One study examined 1,952 women who were patients in one of four community-based primary care practices in an urban area in an effort to identify the presence or history of IPV and clinical symptoms associated with IPV. (15) More than 600 of these women acknowledged experiencing abuse as a child, an adult, or both. Although patients who currently were experiencing abuse had more evidence of physical symptoms, depression, anxiety, and suicide attempts than those who had no ongoing abuse, no statistical significance was found between these two groups for number of lifetime surgeries.
Another researcher studied the impact that a history of rape or incest had on women who were recovering from a specific type of surgical intervention (ie, elective hysterectomies). (16) In this cross-sectional study, 92 women were interviewed at four established times during the postoperative period, each several months apart. The results showed a significantly higher level of depression in the first year after hysterectomy among women who had experienced sexual assault compared to women who had not. The researcher suggests that undergoing a hysterectomy could serve as a trigger to past traumatic memories of abuse. Depression might result when the victim is forced to deal not only with the surgical experience but also with the renewed memory of the abuse. Past abuse seems to leave people more vulnerable to depression and other forms of hyperarousal (ie, state in which the body overreacts to subsequent new stressors by regularly producing excessive levels of stress hormones), which might further explain these findings. There is no indication that ongoing abuse was measured in this study.
Studies of women seeking care from gastroenterology services also point to a link between victimization history and illness.
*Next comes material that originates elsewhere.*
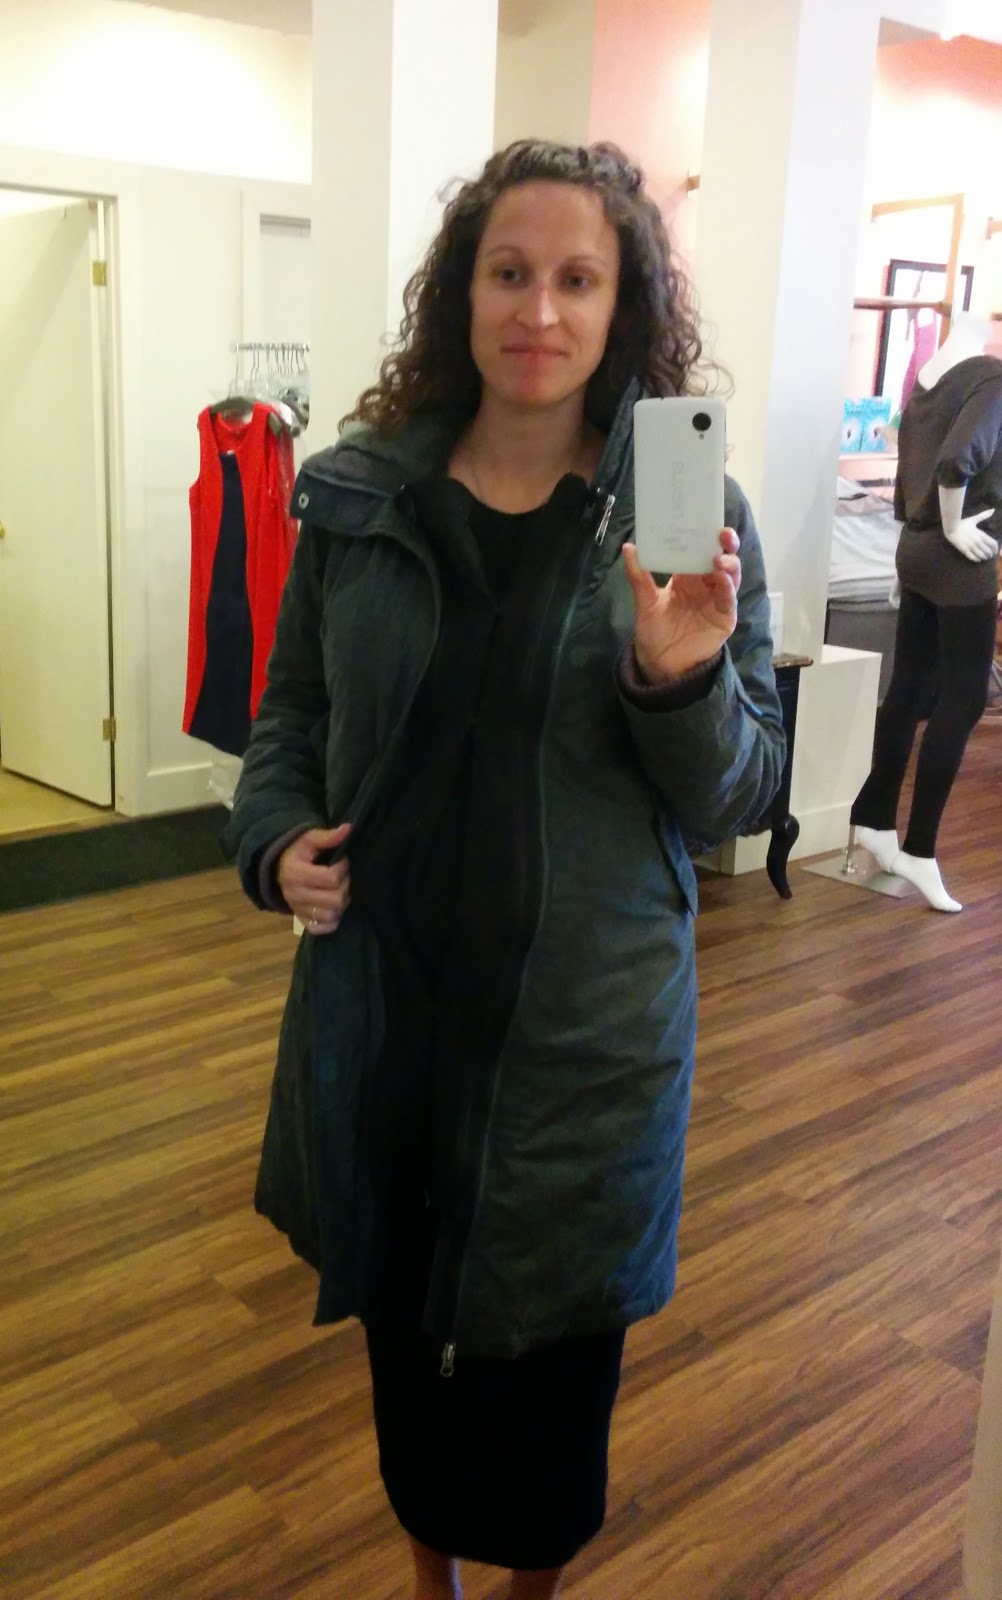 Canada Goose chilliwack parka outlet cheap - Lemon and Mint: Coat Extensions for Pregnancy and Babywearing

In their study of 206 women seeking care in a gastroenterology practice, one group of researchers found that female patients who had experienced abuse either as adults or children (n = 89) underwent more surgeries throughout their lifetime than did patients who had not experienced abuse. (17) A history of abuse was associated with more pelvic and abdominal pain and more surgeries throughout these patients' lifetimes.
In another study, researchers interviewed 239 women seeking care at a gastroenterology clinic and found that women with a history of physical and sexual abuse (66.5%) underwent more surgeries than those who had not been abused. (18) Findings of this study indicate that assessment of abuse should be an essential component of medical histories.